In many medieval period dramas (or medieval-adjacent, as we see in Game of Thrones), filmmakers seem to think that if they aren’t luxuriating in the harshness and misogyny of the time, they’re being inauthentic. Women were treated abominably during the Middle Ages, so if we’re not showing them being beaten and sexually assaulted, we’re not being true to the period. But with Lena Dunham behind the camera, Catherine Called Birdy finds another way forward, fully acknowledging the injustices and terror faced by a girl on the cusp of womanhood at a time when she would be treated as little more than chattel while still offering her a sense of hope for the future.
Birdy (played by the adolescent spitfire Bella Ramsey, who won hearts with her performance as the fiery Lyanna Mormont on Game of Thrones) fits into the role of a young, eligible medieval maiden like a square peg in a round hole.

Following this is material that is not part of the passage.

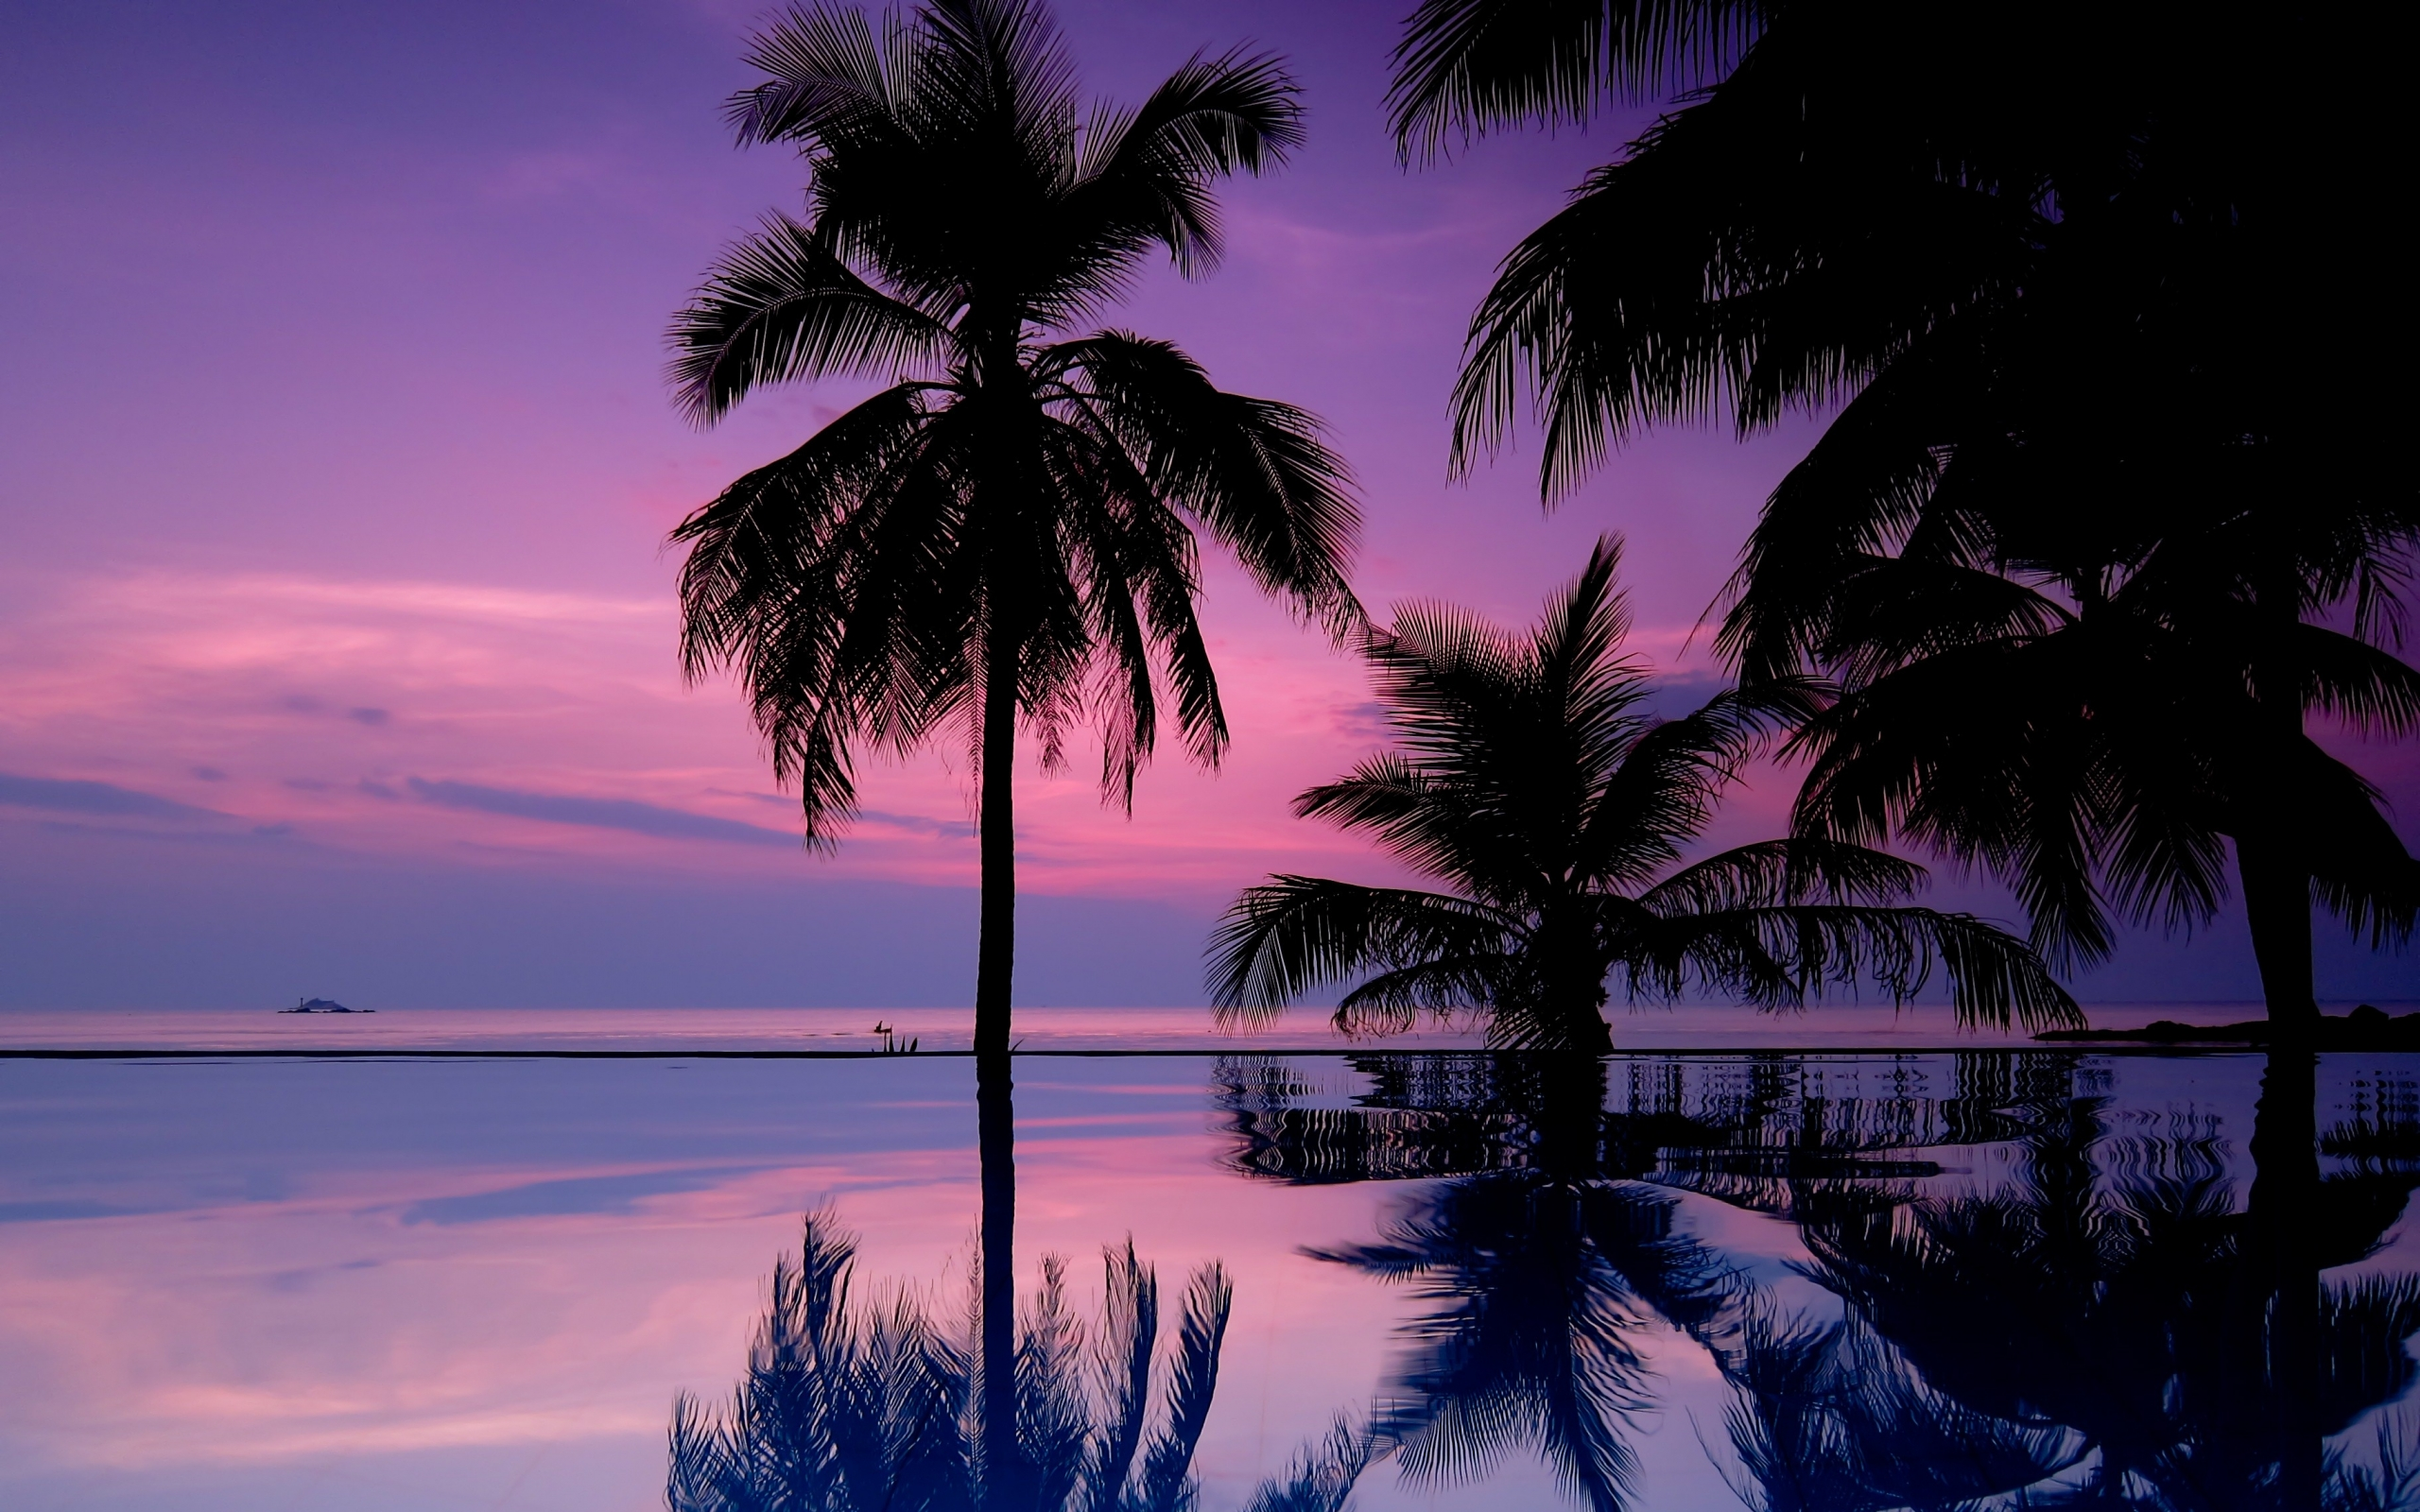 Palm Tree iPhone Wallpaper - WallpaperSafari

She resists her coming of age not because she doesn’t want to grow up (indeed, her reaction to the hot monks-in-training who study alongside her older brother betrays more than a passing curiosity about adulthood) but because her life will only become more restricted when she is a woman. Her father (the always charming Andrew Scott) sees her, his sole daughter, as his only chance to rescue the family from financial ruin. When she receives an offer from a wealthy suitor in exchange for her hand in marriage, the incoming cash flow will get the estate back on its feet – at the expense of her happiness.

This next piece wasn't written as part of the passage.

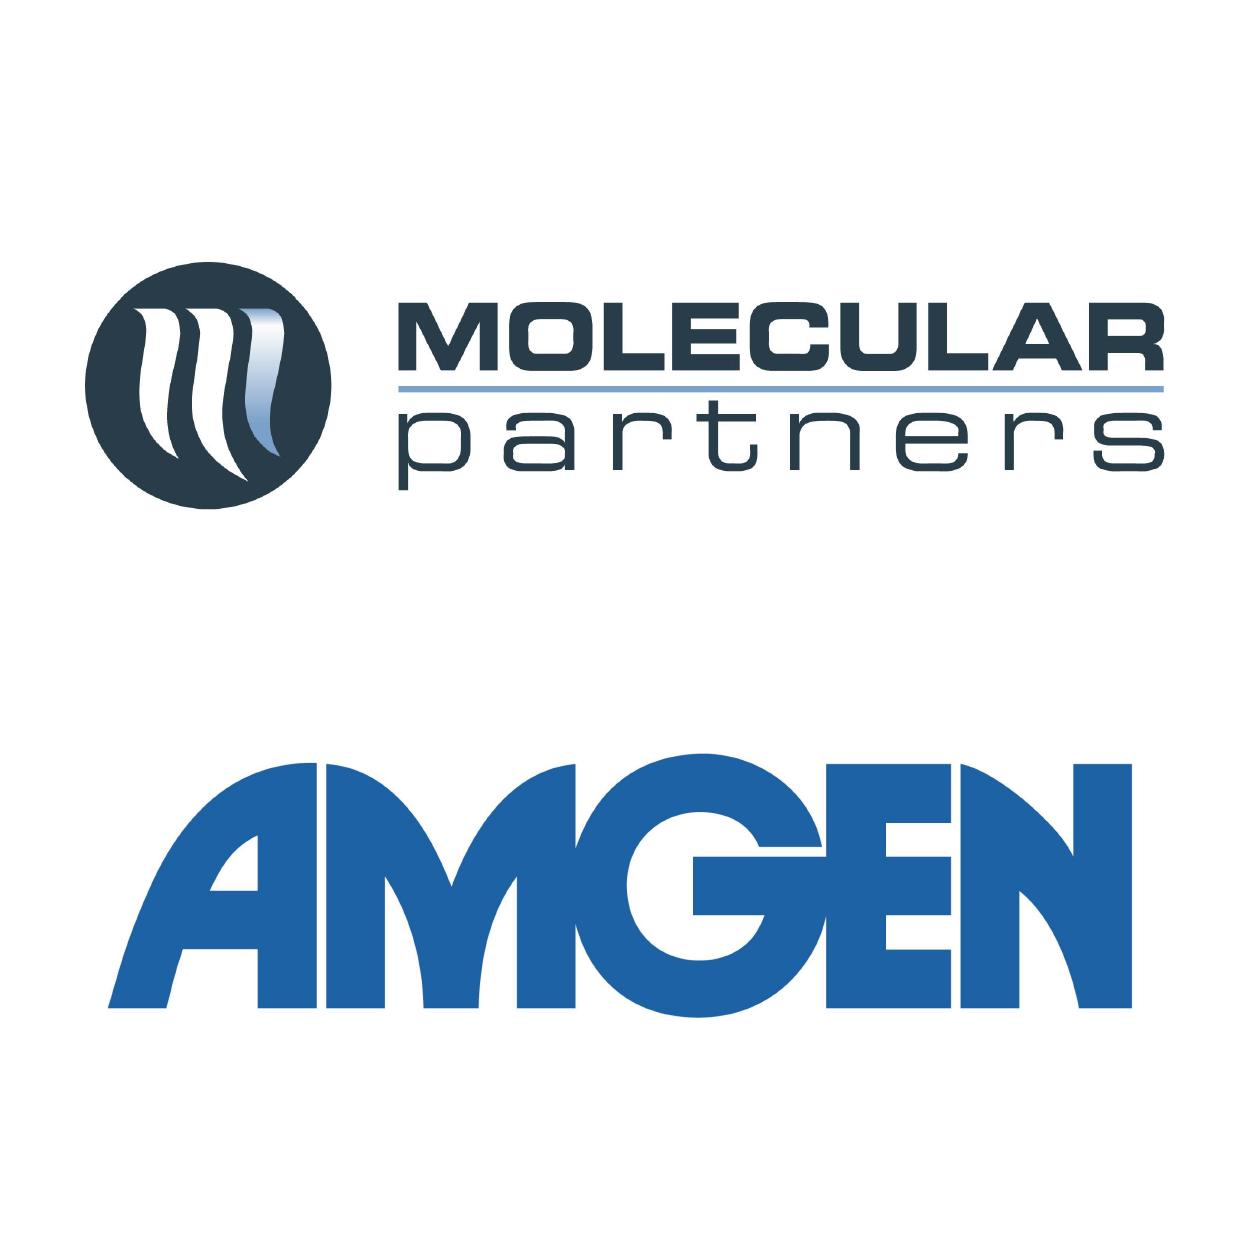 Molecular Partners and Amgen

But Birdy is a fighter. She delays the moment that she could reasonably be considered a marriage prospect by hiding her menstruation rags in the outhouse, not only to avoid marriage but because she’s been traumatized by her mother’s many difficult births, each of which ended with her younger brothers and sisters stillborn. How does becoming a woman seem appealing when it’s accompanied by pain, terror, grief, and the genuine threat of death? As she watches her best friend be married off at the whims of her father, without any regard for her happiness, she desperately uses all of her cunning to scare off as many suitors as possible.
Catherine Called Birdy doesn’t shy away from its dark subject matter or the grim futures that awaited many medieval teens of noble birth, destined to function as little more than pawns in the games of their fathers. But with the plucky, indefatigable Bella Ramsey as narrator and heroine, the storytelling has a playfulness and spirited authenticity that makes it feel somehow optimistic despite everything.
There’s a warmth to the familial bonds featured in Catherine Called Birdy, even if they adhere to medieval standards rather than our own. Birdy’s mother (Billie Piper) genuinely seems to adore both her husband and her children, even if their day-to-day rearing has been placed almost entirely in the hands of servants and nannies. Her father is perpetually exasperated by Birdy and knows that the smartest thing a man in his position can do is marry her off to the highest bidder before she can cause any more trouble. But the prospect of his free-spirited only daughter trapped in a marriage that makes her truly miserable pains him in ways he perhaps does not even understand. Both these characters and her two brothers have a lovely sense of interiority – Birdy is utterly obsessed with her own trials and tribulations, and it’s only late in the film that it begins to dawn on her that her family members have their own stuff going on that doesn’t entirely revolve around her.
Although Catherine Called Birdy brings to life the all-too-real struggles of women in medieval society, director Lena Dunham is unafraid to give the film modern stylistic touches. These would perhaps be a bit much if this were aimed squarely at adults, but the fact that its target audience skews younger gives her the freedom to be a little less self-serious. In many ways, this is probably how the film avoids adopting a long-suffering tone – it’s allowed to have fun with itself. With a charming, force-of-nature leading performance from Bella Ramsey, Catherine Called Birdy is a delightful production that treats preteen girls with the respect they deserve.